The author of this question https://manifold.markets/dreev/does-chatgpt-o3-make-egregious-erro says that "It's possible that my own instance of ChatGPT is particularly good due to my chat history. I'm considering that part of the test. I believe that at least my instance of ChatGPT is uncannily smart."
This question is about whether or not we can do the opposite. Can we, using the ChatGPT memory feature, saved settings, and other scaffolding, create a version of o3 that is particularly dumb?
How this works: Anyone can submit evidence showing that their custom o3 is particularly dumb. It will have to fail multiple questions that an "ordinary o3" wouldn't. The settings should not be something overtly silly like, "Today is opposite day, say exactly the opposite of what is true."
Resolution: Of course, the resolution to this is going to be subjective.

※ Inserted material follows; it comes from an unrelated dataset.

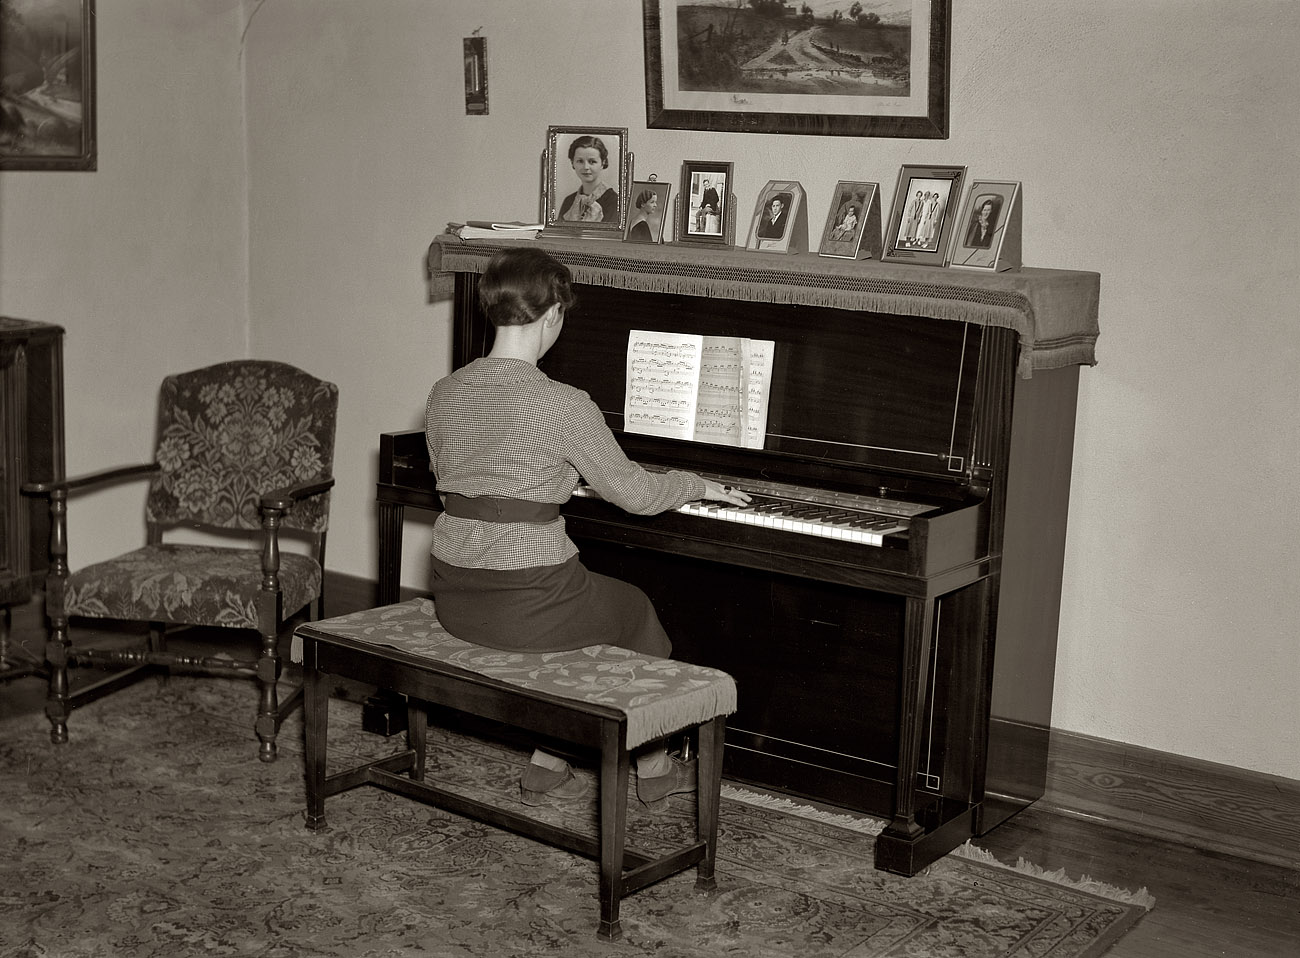 December 1936. "Lois Madsen playing the piano in the home of her father, Harry Madsen, owner-operator of three hundred and sixty acre farm near Dickens, Iowa. (Suggest this as contrast showing difference in opportunity offered children in owner-operated farms and that offered in poorer tenant or hired hand homes)." View full size. Medium format nitrate negative by Russell Lee.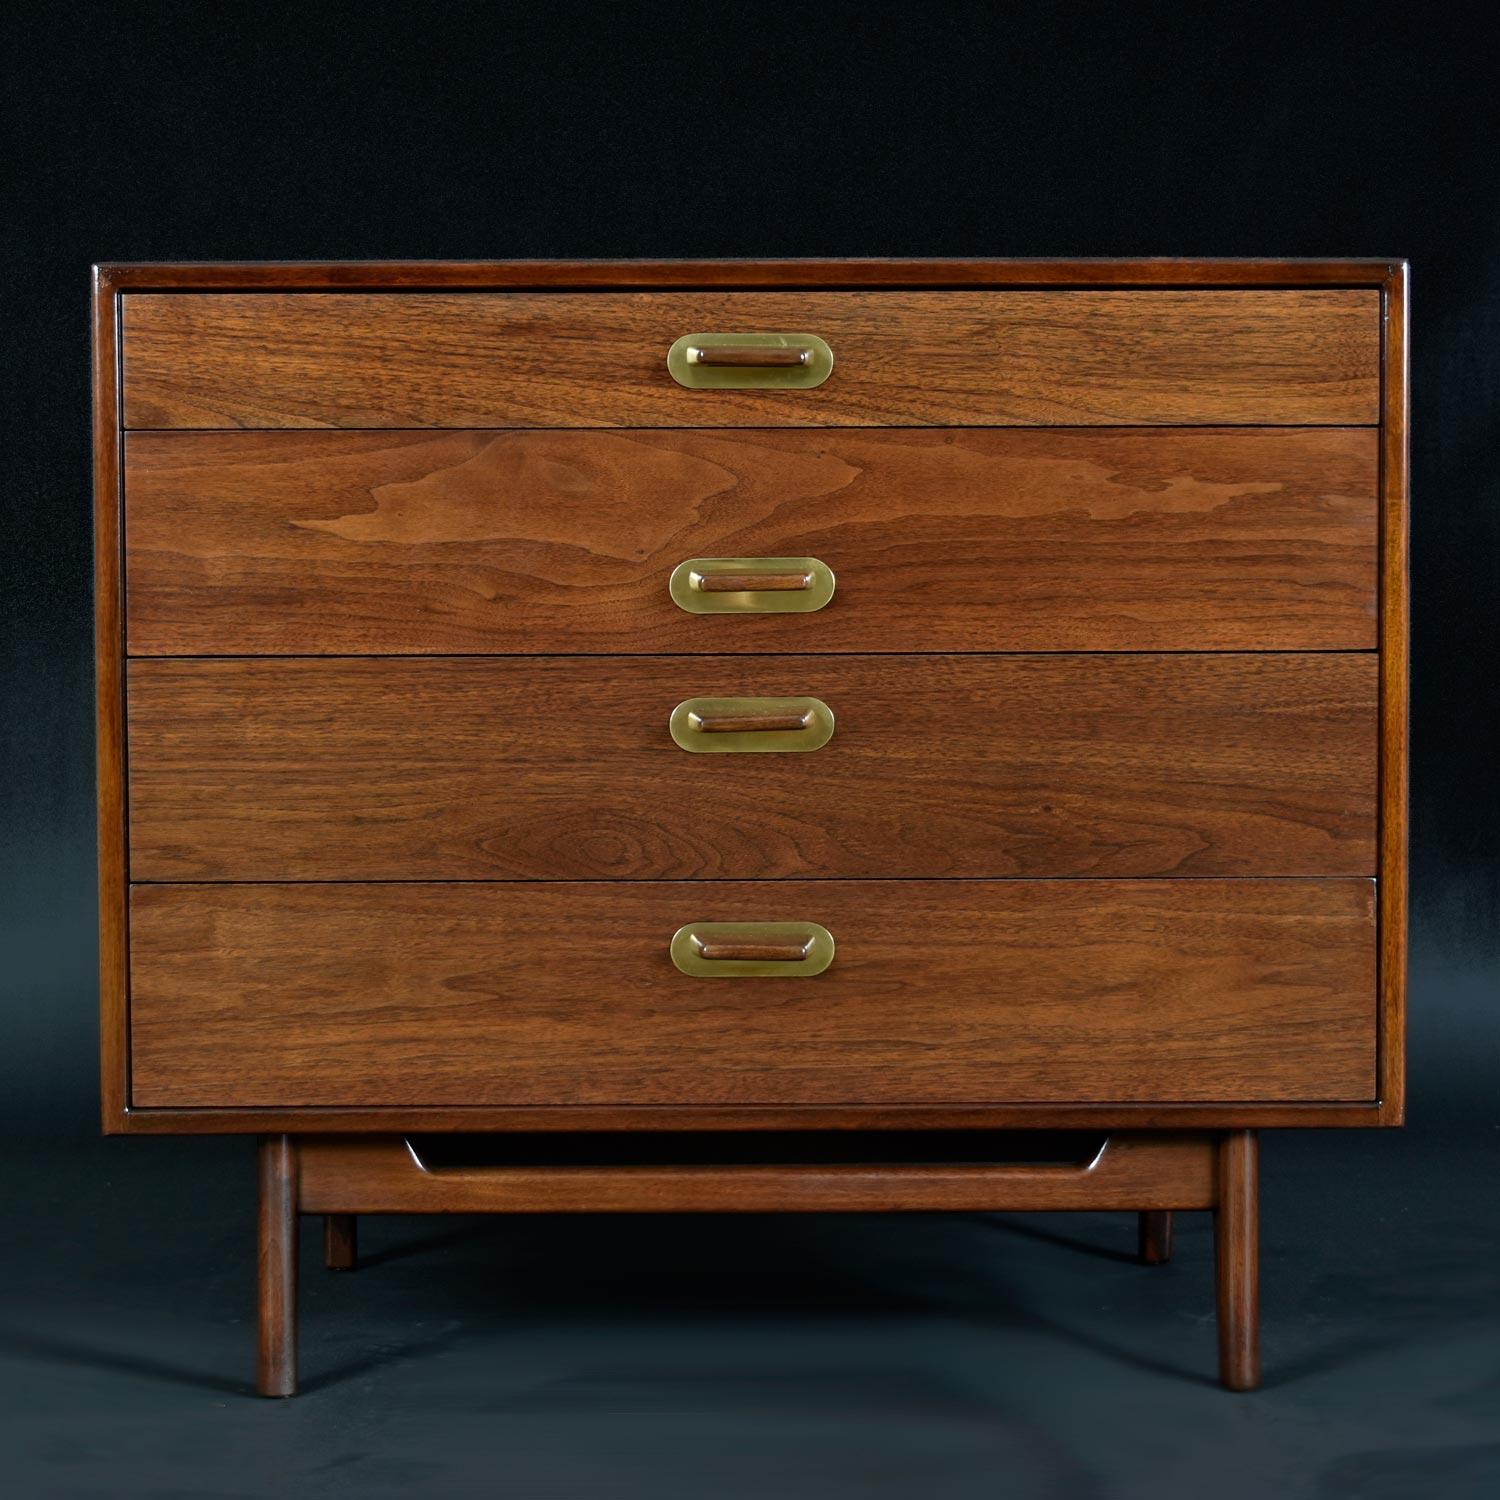 This 3-piece set was delicately restored to preserve the original dark patina and we are beyond elated with the end results. We love this line and have never had them in our clutches until now. Because of the variations in walnut grain and the

I will decide whether or not somebody has succesfully completed the challenge, but I will try to defer to the general consensus, if one emerges. It seems difficult to exactly specify how an open-ended question like this should resolve in advance, but feel free to discuss what more precise and good resolution criteria would look like.
If nobody has an example by the end of the year, this resolves NO.
Update 2025-06-06 (PST) (AI summary of creator comment): The creator has clarified what types of settings would be considered for making a custom o3 'particularly dumb' without being 'overtly silly':
Explicitly telling the o3 to give wrong answers would not count.
Settings such as "don't think, just say whatever you first think of" would count.
The settings should not be something overtly silly like, "Today is opposite day, say exactly the opposite of what is true."
Wait, how are you deciding what counts as too overtly silly? It seems to be the make or break factor
@TheAllMemeingEye Explicitly telling it to give wrong answers wouldn't count, but something like, "don't think, just say whatever you first think of" would count.